Friday, 4 November 2011

五香脆皮炸肉


材料 :
600g花肉
5瓣蒜头
2粒八角
3cm桂皮
调味料 :
1000ml水
1小匙盐
3大匙生抽
1大匙糖
沾粉(拌匀) :
5大匙粟粉
1小匙五香粉

做法 :
1. 将全部材料和调味料一起煮滚,转小火煮1小时至软,即可捞起待冷。
2. 肉块沾上沾粉放入热油中炸至金黄色,即可捞起沥干油分,切块享用。
注 :如果喜欢更脆的口感,可以在沾粉中加入1大匙的粘米粉。

Five Spice Crispy Pork Belly
Ingredients :
600g pork bellys
5 pips garlic
2 star anise
3cm cinnamon stick
Coating flour (mixed) :
5 tbsp cornstarch
1 tsp five spice powder
Seasoning :
1000ml water
1 tsp salt
3 tbsp light soya sauce
1 tbsp sugar
Method:
1. Put all ingredients and seasoning into a pot and bring to boil. Lower the heat and simmer for 1 hour or until the meat is tender.
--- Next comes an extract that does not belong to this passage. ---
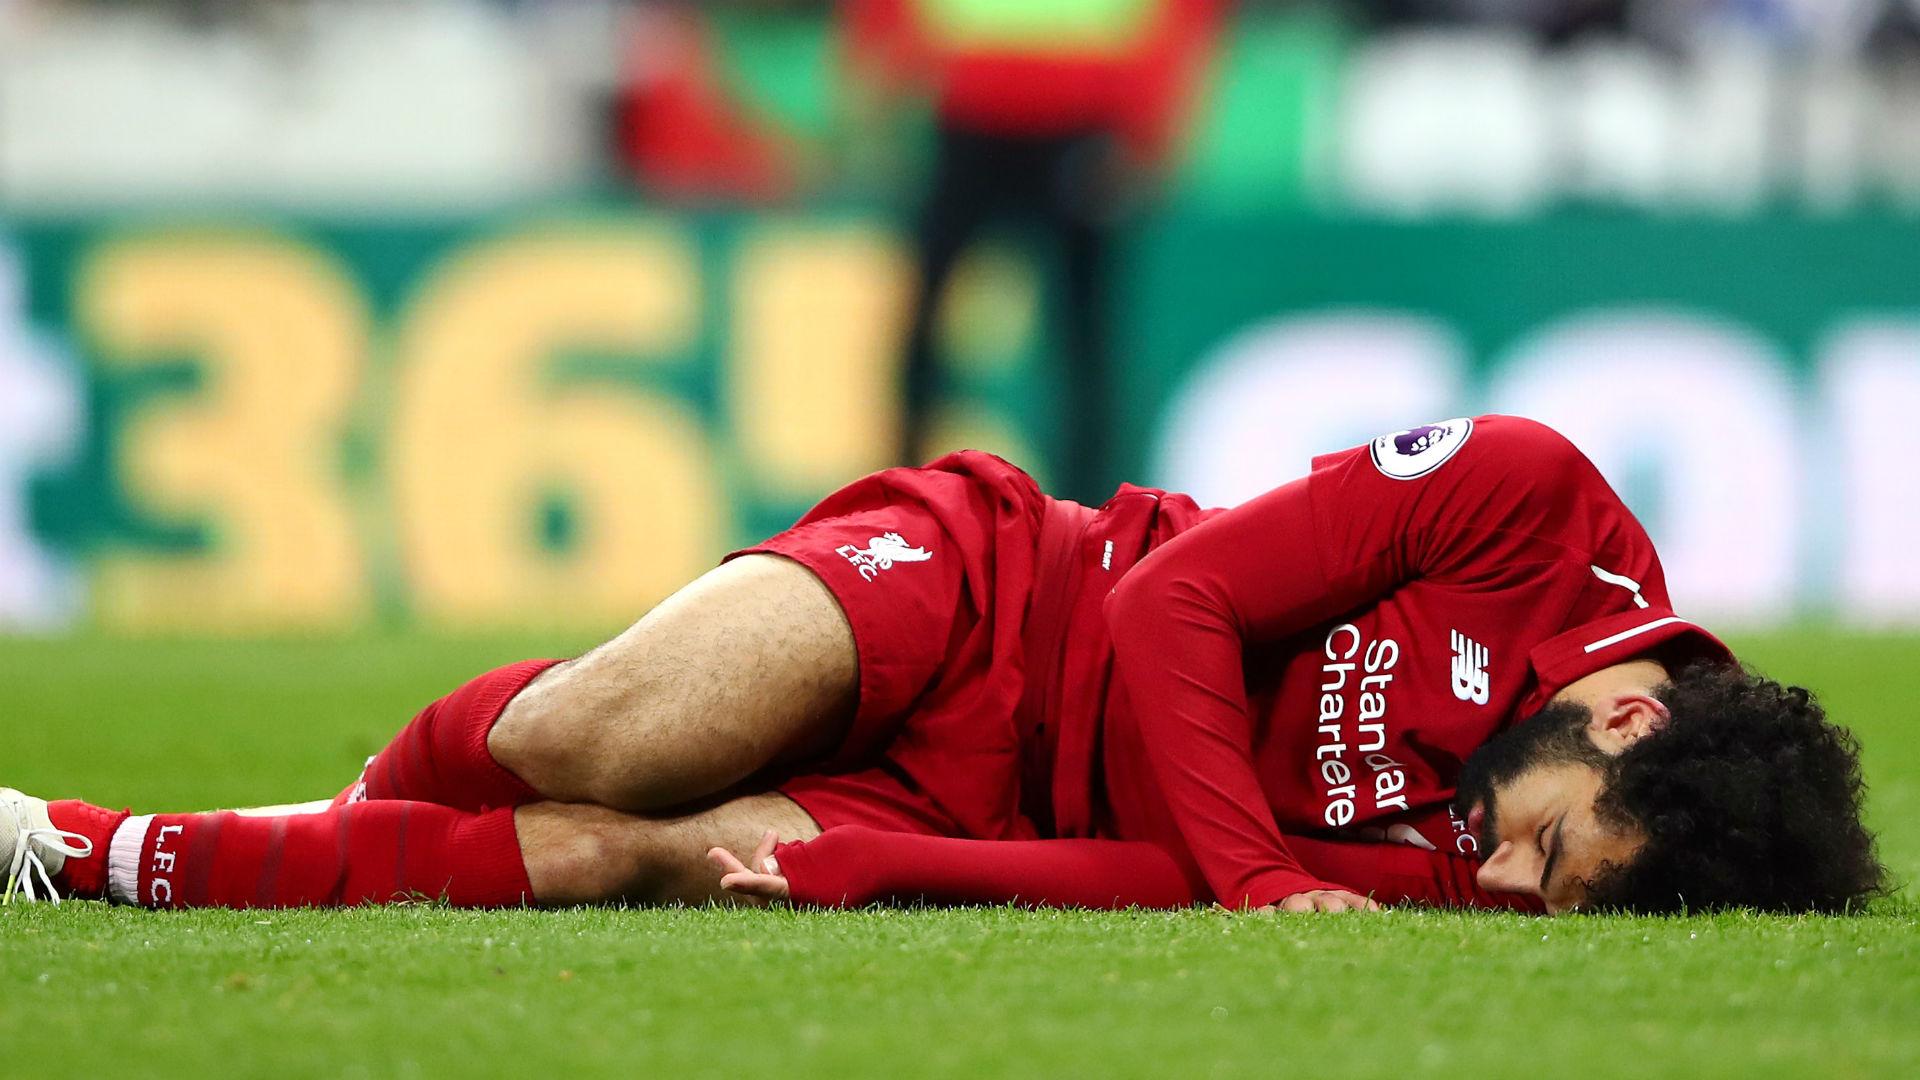 Newcastle goalkeeper Martin Dubravka: We were scared with Mohamed Salah head injury

Dish and drain and leave aside to cool.
2. Coat pork belly with coating flour and deep-fry in hot oil until golden brown. Dish and drain.
* Note : If prefer more crispy texture, you can mix the coating flour with 1 tbsp rice flour.